In the News
As published in USA Today, October 21, 2004.
Motion Researchers Want to Know What Throws Pitchers
By William Hathaway, The Hartford Courant
As 14-year-old pitcher Michael Spracklin of Farmington winds up, he
has more television cameras trained on him than Barry Bonds at the
All-Star game.
Researchers at the Center for Motion Analysis at Connecticut
Children's Medical Center in Hartford hope that what they learn by
analyzing the moves of Spracklin and other young baseball pitchers will
keep their young arms healthy enough to face down the next generation of
sluggers.
Studies of young pitchers are desperately needed because more and
more of them are showing up at doctors' offices with damaged shoulders
and elbows, said Dr. Carl Nissen, an orthopedic surgeon at the
University of Connecticut who is conducting a study of young pitchers at
the children's hospital.
"It's an epidemic," said Nissen, who has performed surgeries on at
least a dozen young pitchers' elbows in just the past half-year.
Nissen and other researchers are using imaging technology to find out
exactly what goes wrong with young pitchers' arms.
The most common explanation for arm injuries is that young pitchers
play too many innings and throw too many pitches such as curve balls and
sliders that put too much strain on their underdeveloped bodies.
Though those explanations may turn out to be correct, "the reality is
that it is almost all folklore," with few scientific studies to support
the conclusions, Nissen said.
Already, motion analysis of five young pitchers in a pilot study has
challenged at least one long-held Little League canon - that the curve
ball puts undue strain on a young child's arm and shouldn't be thrown
until at least puberty.
Nissen said detailed motion analysis of Spracklin and other young
pitchers shows that, when properly thrown, the "12-6" curve ball - one
thrown straight overhand with a snapping motion of the wrist - generates
less force on the arm than a fastball, the stock pitch of pitchers of
all ages.
But at least one study has found that pitchers using curve balls and
sliders when young experience more arm problems.
"That's very clear," said Glenn S. Fleisig, chairman of research at
the American Sports Medicine Institute in Birmingham, Ala., a leader in
the field of pitching mechanics.
Though Fleisig's own motion studies have shown that the curve ball
exerts about the same force on the arm as a fastball, it demands the use
of a different set of muscles than a fastball, and that can generate arm
pain, Fleisig said.
Fleisig, Nissen and other experts do agree that throwing an excessive
number of innings is probably the chief cause of arm problems in young
players and that extended seasons of six months, nine months or even
all-year participation in organized baseball are taking a serious toll
on young arms.
Old-time professional pitchers may have been able to throw a high
number of innings later in life because they did not play organized
baseball on a year-round basis, Nissen and Fleisig suggest.
Nissen said more scientific study is needed to confirm common wisdom
- or to debunk it.
What happens to a fatigued arm is just one question the Center for
Motion Analysis wants to answer with its sophisticated imaging
technology.
When the young pitcher throws with motion sensors attached to his
body, images from a dozen cameras translate data from the sensors into
digital images - which show up as a mobile, three-dimensional
green-tinged skeleton on a computer screen.
Nissen, along with Slyvia Ounpuu, director of the motion center, and
other researchers then can examine from many angles the complex set of
movements that make up a single pitch, picking up movements that are
invisible even to the most well-trained pitching coach.
"We really don't know exactly how kids actually pitch," said Ounpuu,
who says the center wants to conduct more research on young pitchers.

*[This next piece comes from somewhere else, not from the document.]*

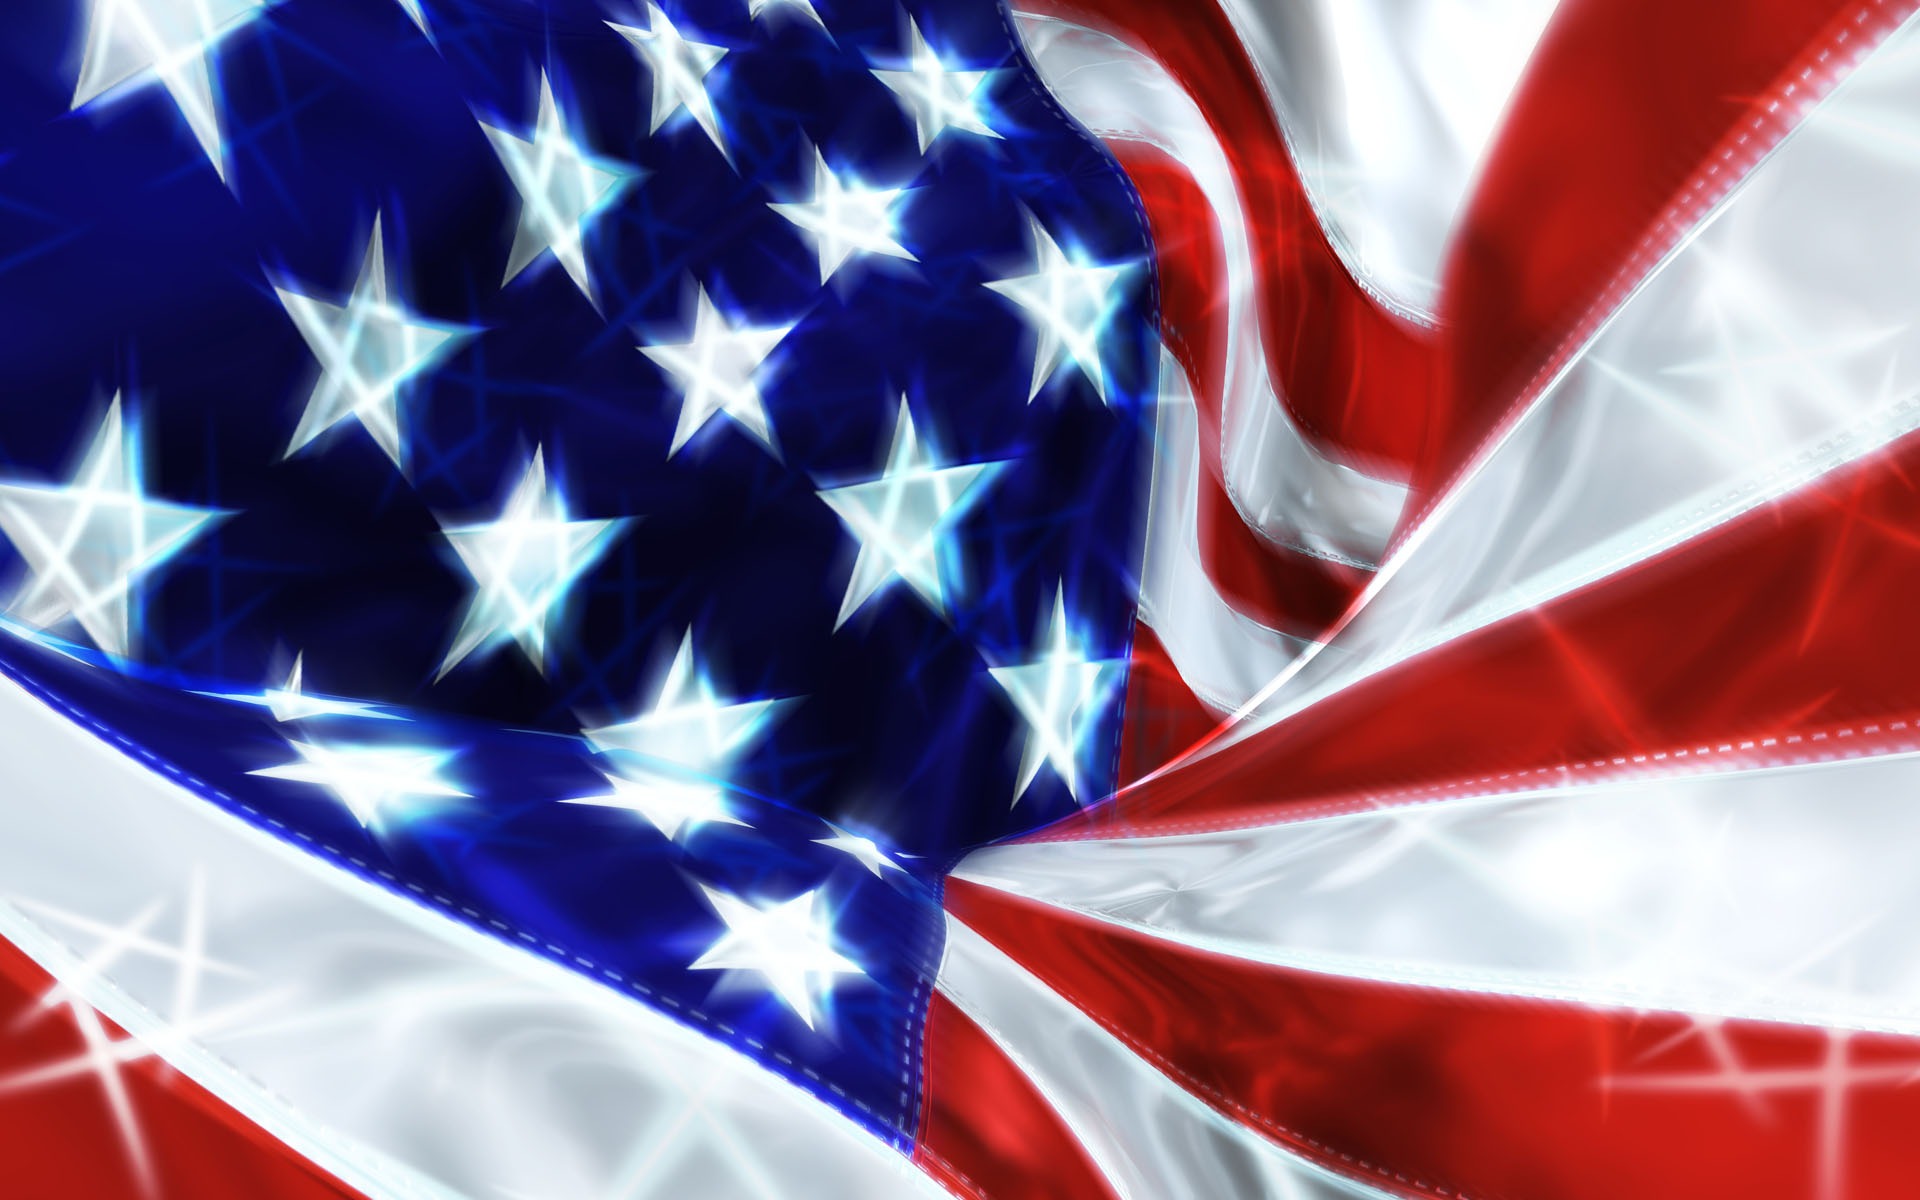 U.S. Independence Day theme wallpaper #4 - 1920x1200

Pitching mechanics in adults have been well-studied, especially in an
era when top major-league pitchers can demand annual salaries in excess
of $10 million, but young pitchers have not been extensively examined,
she said.
For instance, experts say that youngsters often get hurt because they
fail to use the lower part of their body to generate power in their
pitches and instead rely solely on their arms.

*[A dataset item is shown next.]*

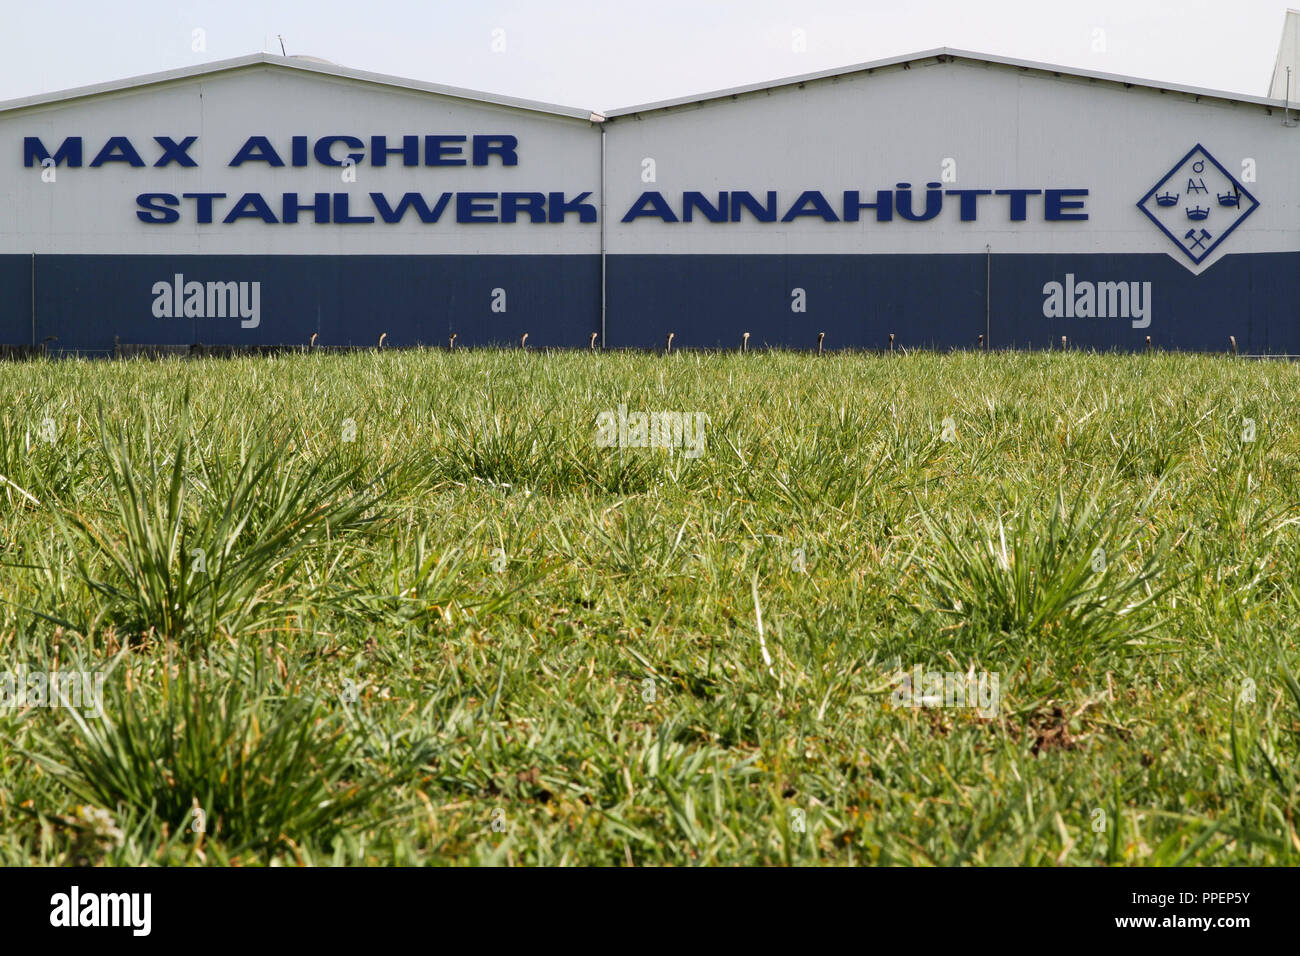 The steelwork Stahlwerk Annahuette of the Max Aicher Group in the Ainring district of Hammerau. Stock Photo

And carefully studying pitching mechanics may help coaches find new
ways to prevent injuries to youngsters, she said.
For now, coaches and parents should take precautions to protect young
pitchers from injuries - and from their sometimes pushy parents.

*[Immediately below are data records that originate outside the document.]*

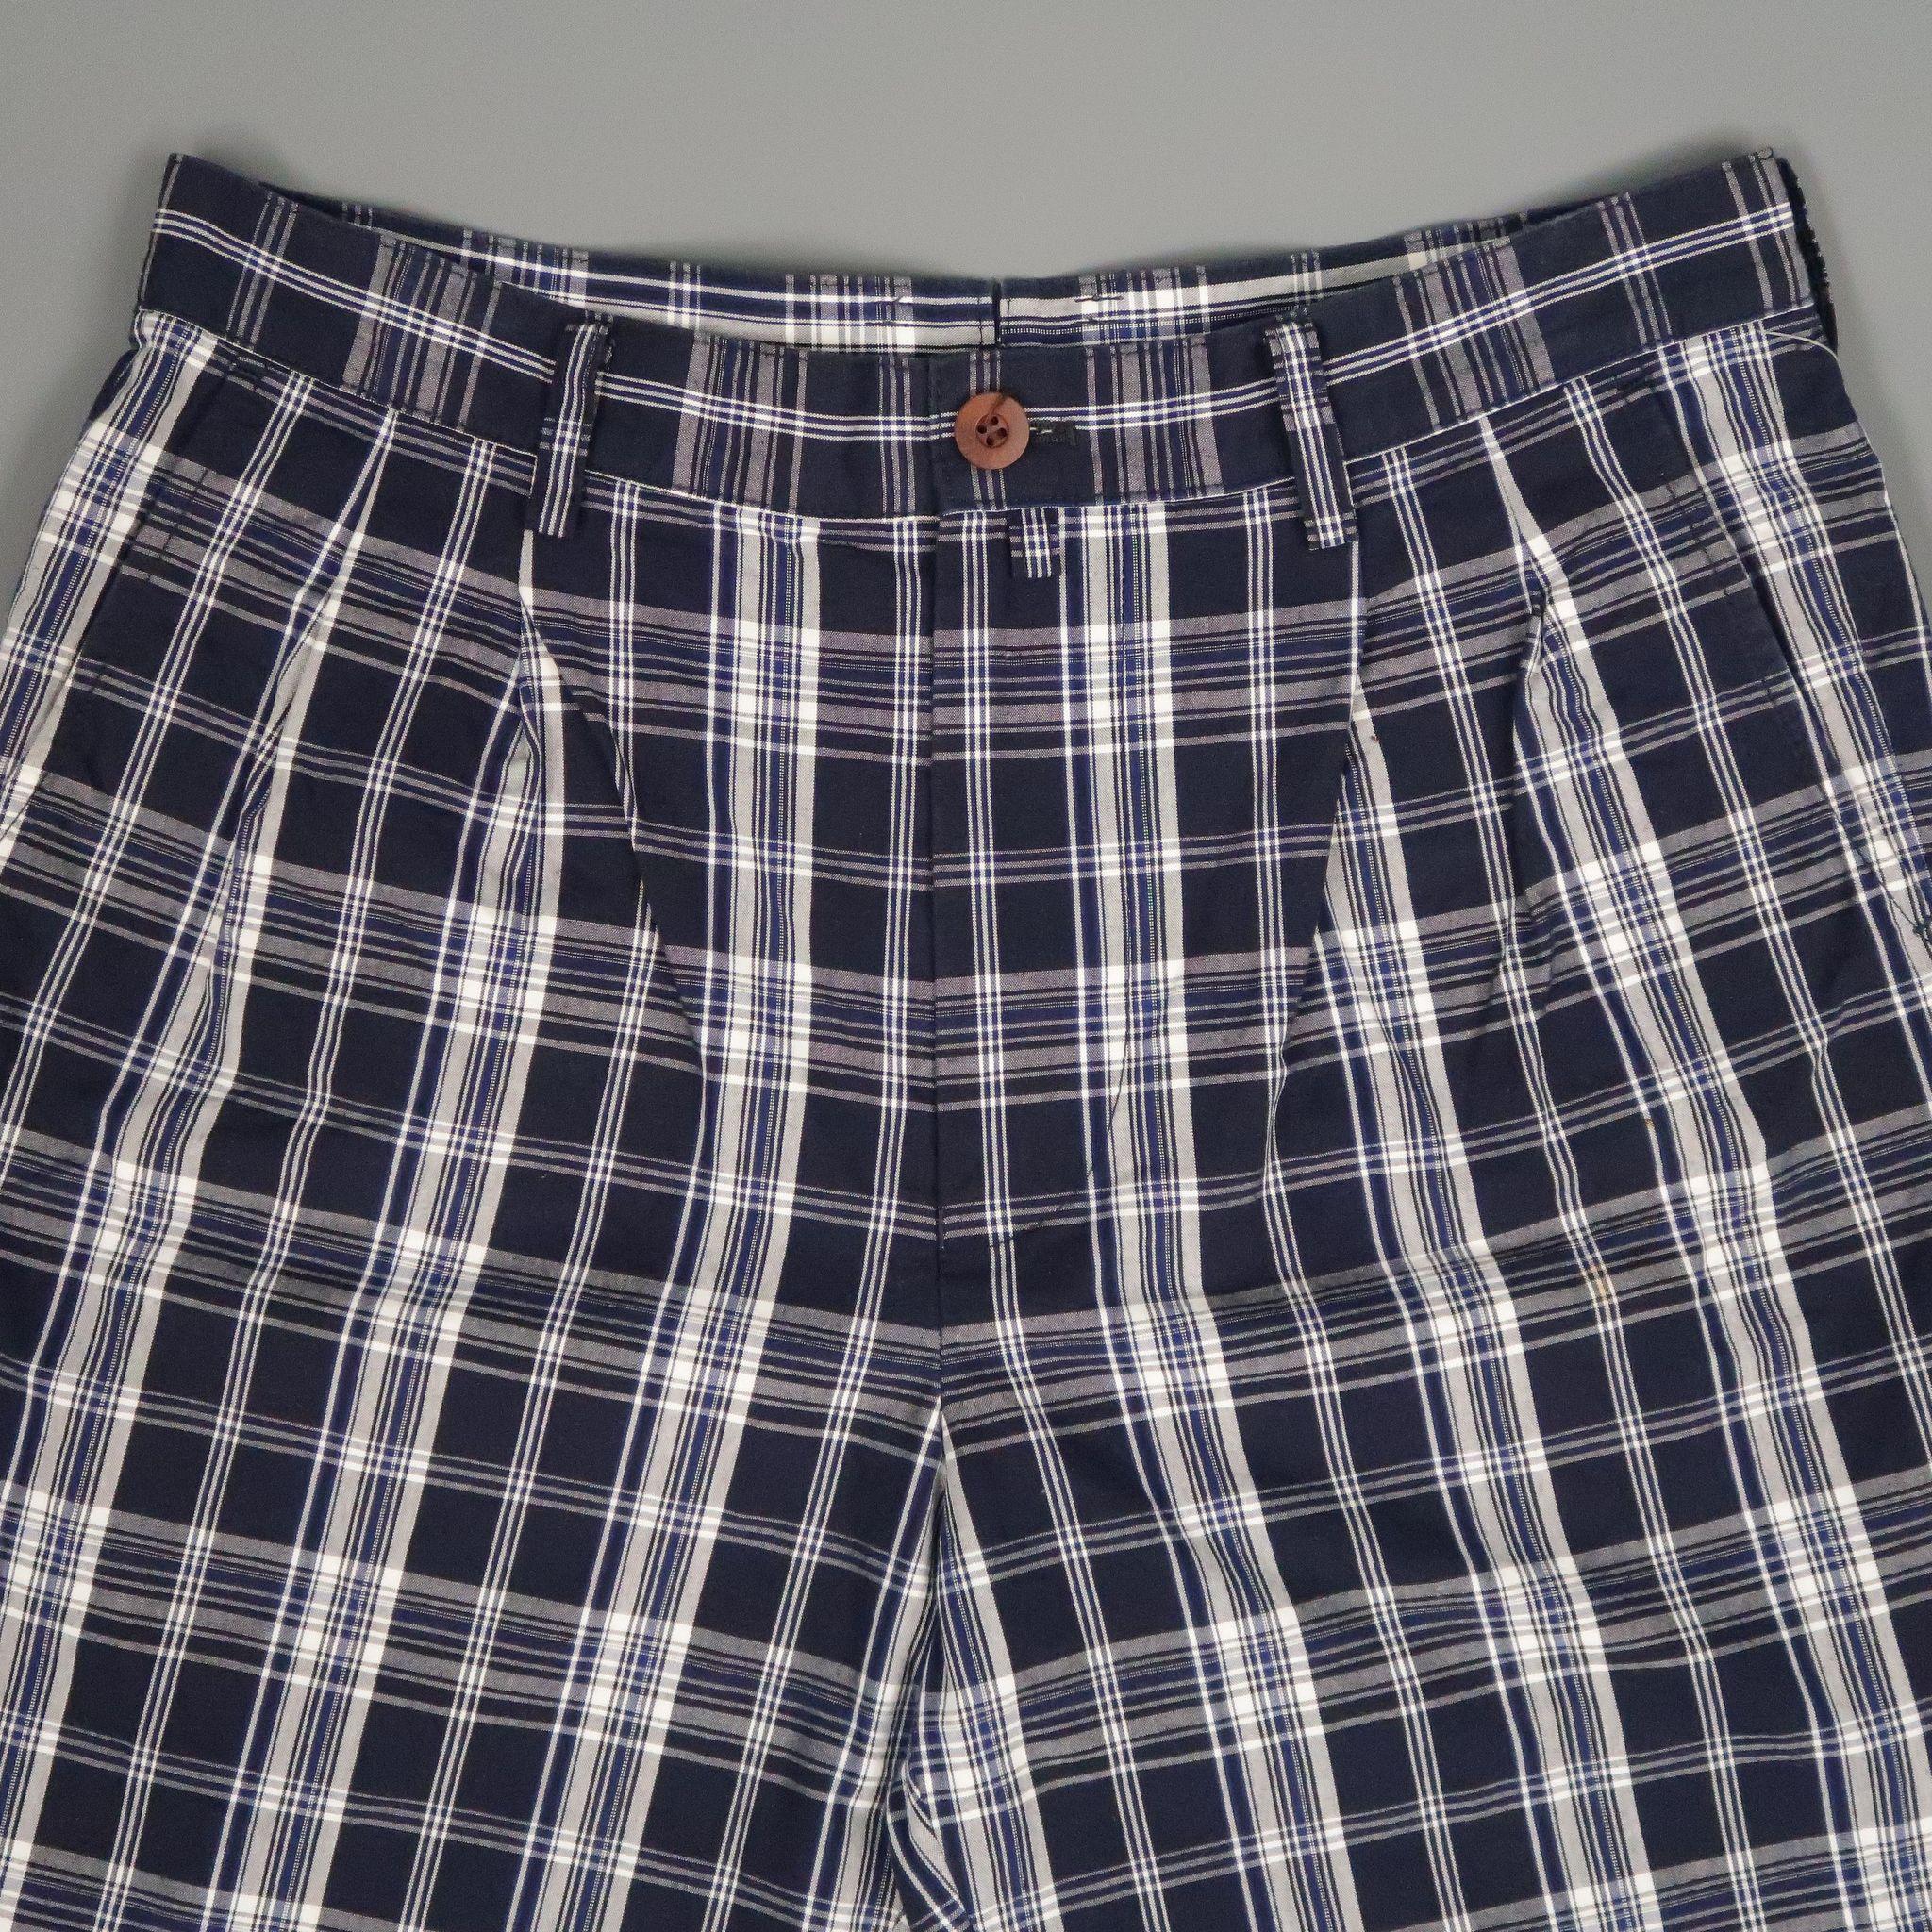 JUNYA WATANABE Shorts comes in navy and white tones in a plaid cotton material, with a pleated front, zip fly, seam and patch pockets. Made in Japan.
 
Excellent Pre-Owned Condition.
Marked: S
 
Measurements:
 
Waist: 32 in.
Rise: 12 in.
Inseam:

"If he says his arm is tired, don't blow him off as a little kid,"
Fleisig said. "Take it seriously."
Bill Spracklin said he carefully monitors his son Michael's innings
throughout the year and often talks to his coaches about his workload.
And, Nissen says, parents who envision their child throwing at Fenway
Park or Yankee Stadium someday should realize that an elbow operation
resulting from overuse can end that dream quickly.